Wind ops- the decision making and diagnostics
Tim Barnett MRCVS of Rossdales Veterinary Surgeons, delivered two informative and interesting lectures on wind ops and the decision making and diagnostics relating to them. As we all know, wind surgery addresses upper airway conditions in horses that impair breathing and performance. Key anatomical structures involved include the arytenoid cartilage, vocal folds, epiglottis, and soft palate. Common issues include vocal fold collapse, often causing a whistling noise and linked to progressive recurrent laryngeal neuropathy “roaring”, which severely obstructs airflow. Another frequent problem is dorsal displacement of the soft palate (DDSP), where the soft palate flips over the epiglottis, blocking airflow and causing sudden loss of performance.
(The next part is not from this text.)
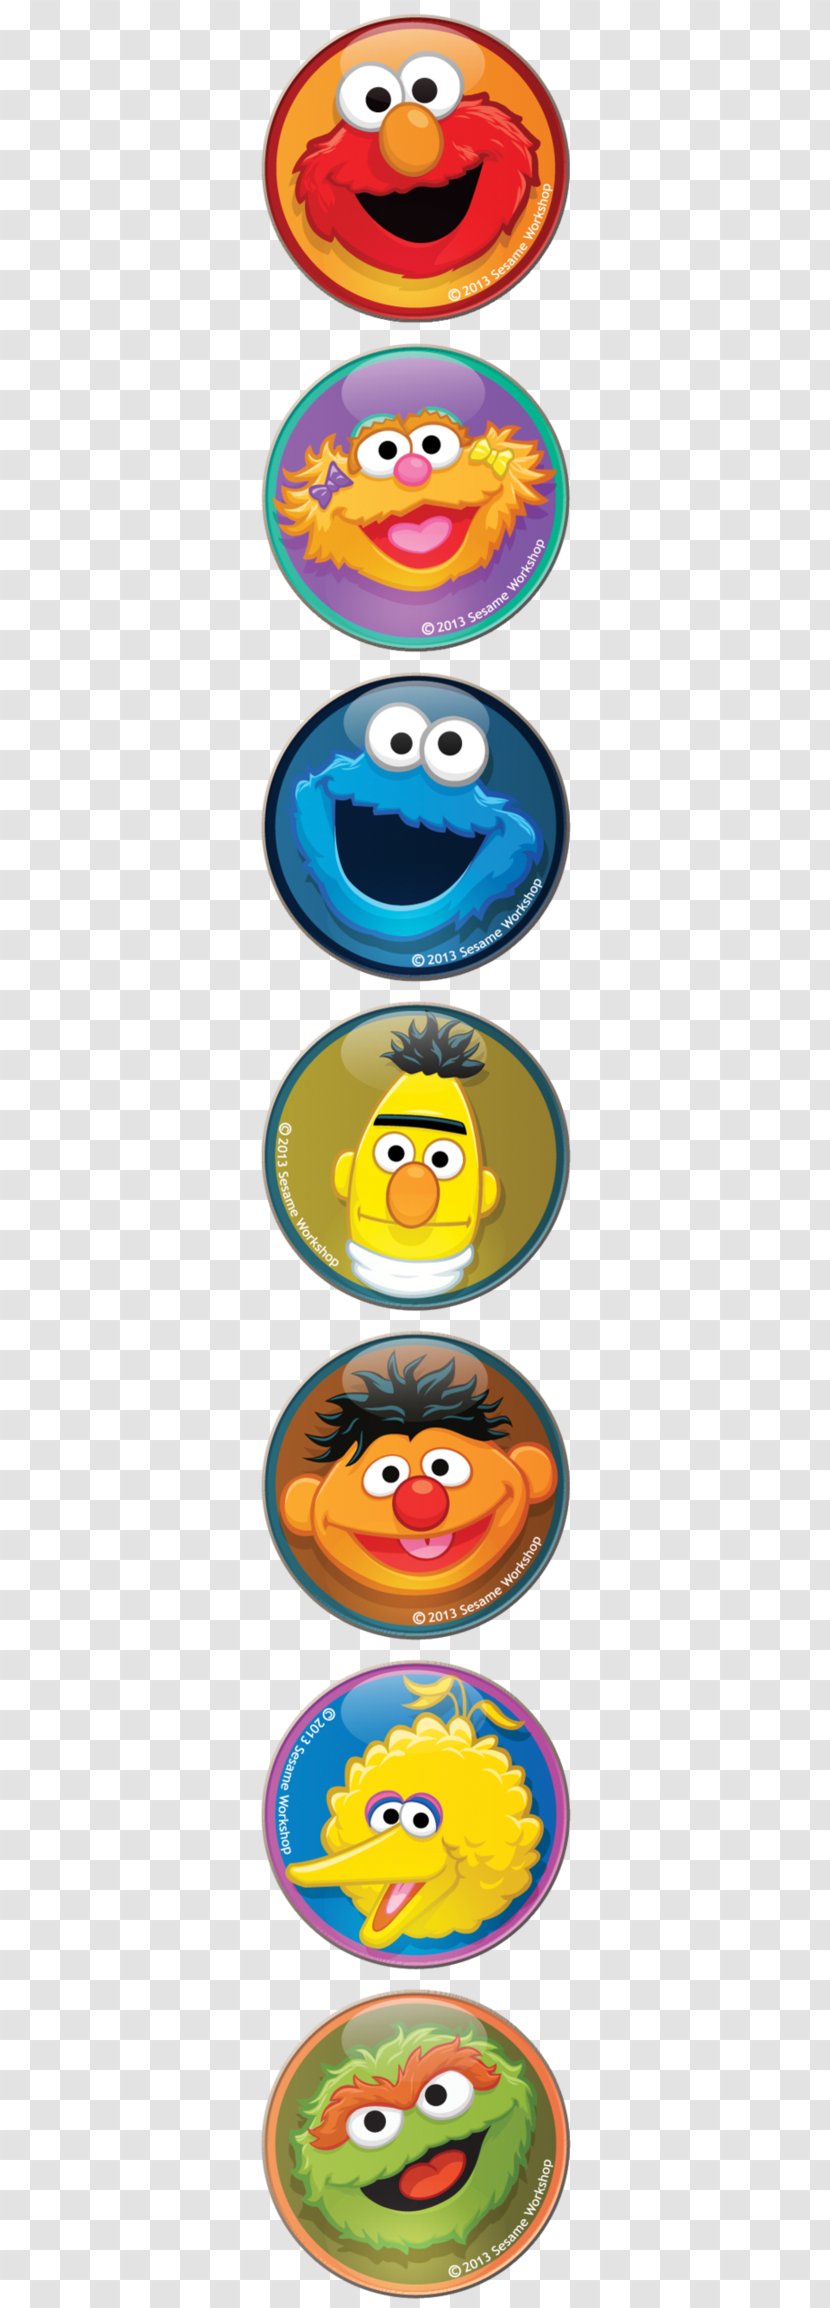 Cookie Monster Elmo Sesame Street Characters Oscar The Grouch - Material - Character Transparent PNG

Palatal instability often precedes DDSP. Other conditions include medial deviation of the aryepiglottic folds, nasopharyngeal collapse, epiglottic entrapment, and ventral luxation of the arytenoid apex (VLAC). These disorders vary in severity and may be progressive or multifactorial. Barnett clarifies that although surgical interventions target these conditions, outcomes depend on the specific disorder and severity.
Upper airway conditions remain a major cause of poor performance in racehorses, with many requiring multiple surgical interventions. Accurate diagnosis, particularly via exercising endoscopy, is key, as many disorders only become apparent during physical exercise.
Tieback (prosthetic laryngoplasty) is the most common wind surgery but carries risks such as aspiration, pneumonia and swallowing dysfunction, despite efforts to improve surgical techniques. Newer techniques, like standing tiebacks and improved implants (e.g., titanium buttons, reinforced screws), aim to reduce complications and enhance results.
Other surgeries like Hobday (vocal fold removal via laser) were also discussed, emphasising the delicate nature of airway surgeries and the ongoing challenge to balance treatment effectiveness against risks and complications in our racehorses.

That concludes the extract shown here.